Management of Heart Failure Symptoms in the Elderly
The recommended management for heart failure in elderly patients should focus on a multi-disciplinary approach with careful medication selection and dosing, prioritizing relief of symptoms while considering the high prevalence of comorbidities and potential for adverse drug effects. 1
Pharmacological Management
For Heart Failure with Reduced Ejection Fraction (HFrEF)
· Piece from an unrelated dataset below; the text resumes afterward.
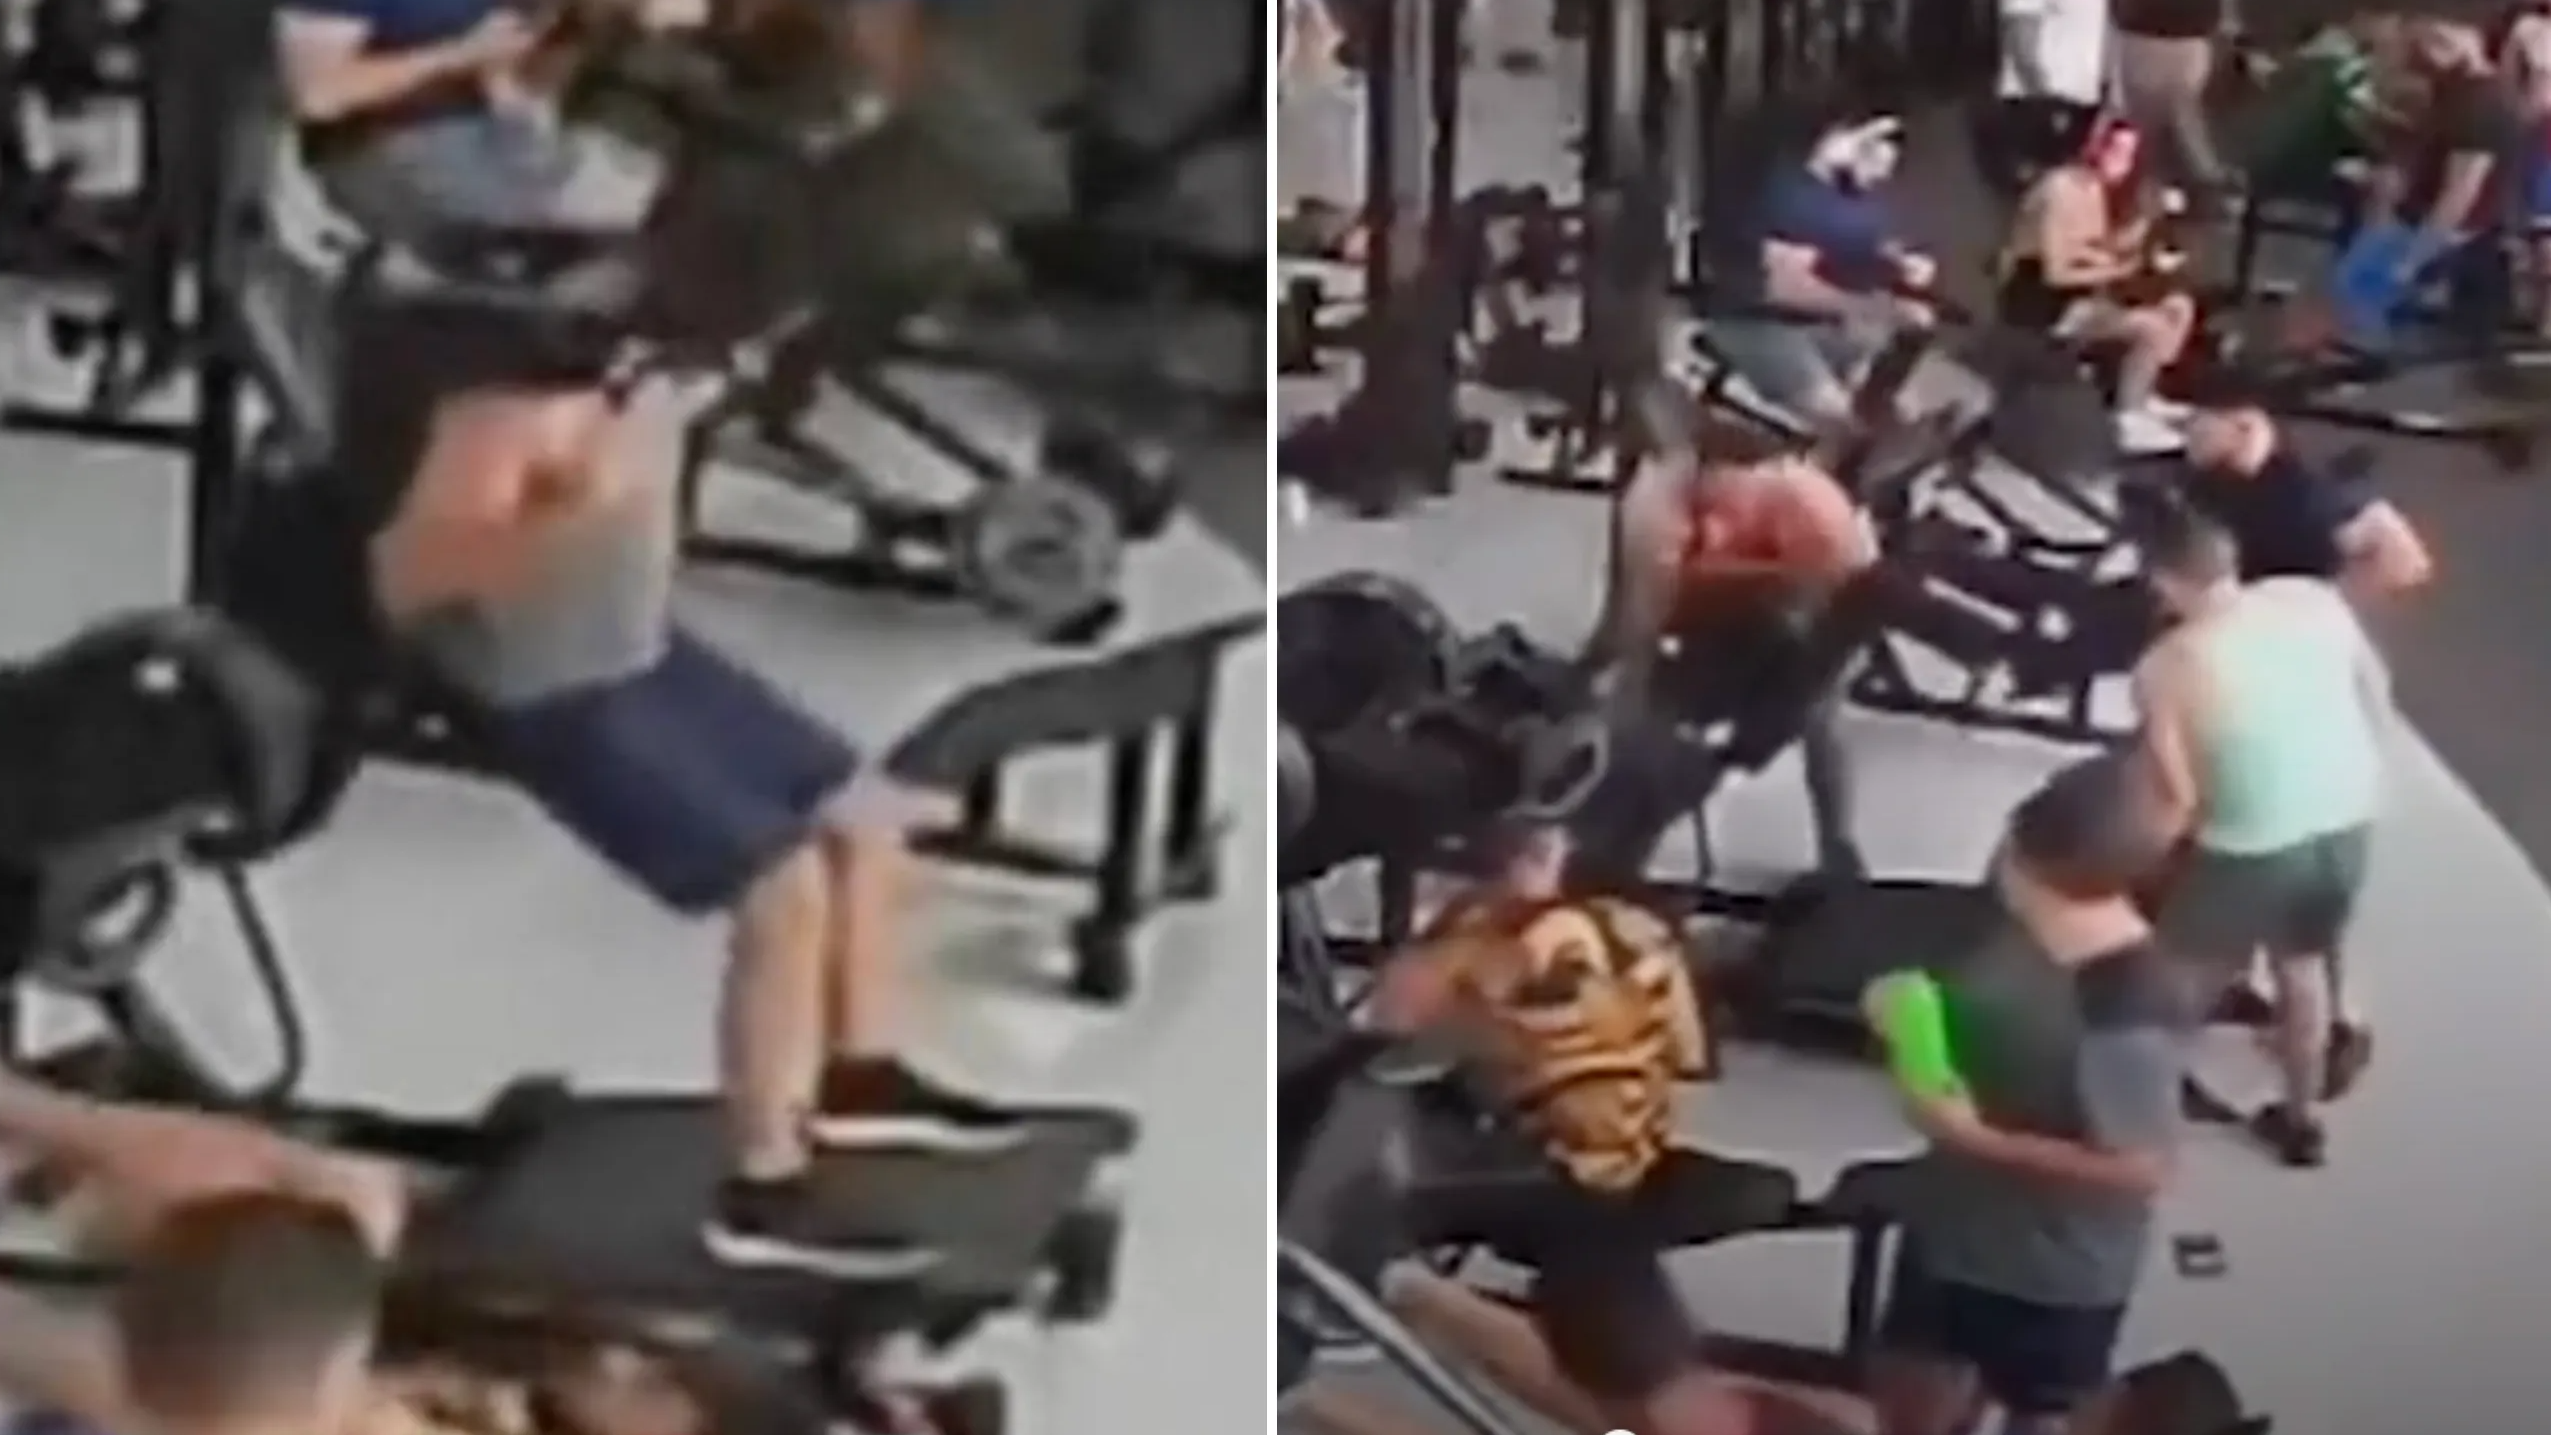 Terrifying moment man's neck is crushed by squat machine at gym in

- Start ACE inhibitors or ARBs at low doses with careful monitoring of blood pressure and renal function; these medications are generally well-tolerated in elderly patients 1
- Initiate beta-blockers at low doses with gradual titration, excluding patients with contraindications such as sick sinus node, AV-block, and obstructive lung disease 1
- Consider mineralocorticoid receptor antagonists (MRAs) in appropriate patients, but monitor closely for hyperkalemia, especially when combined with ACE inhibitors 1, 2
- SGLT-2 inhibitors have shown efficacy in reducing cardiovascular death and hospitalizations in elderly heart failure patients 3
For Heart Failure with Preserved Ejection Fraction (HFpEF)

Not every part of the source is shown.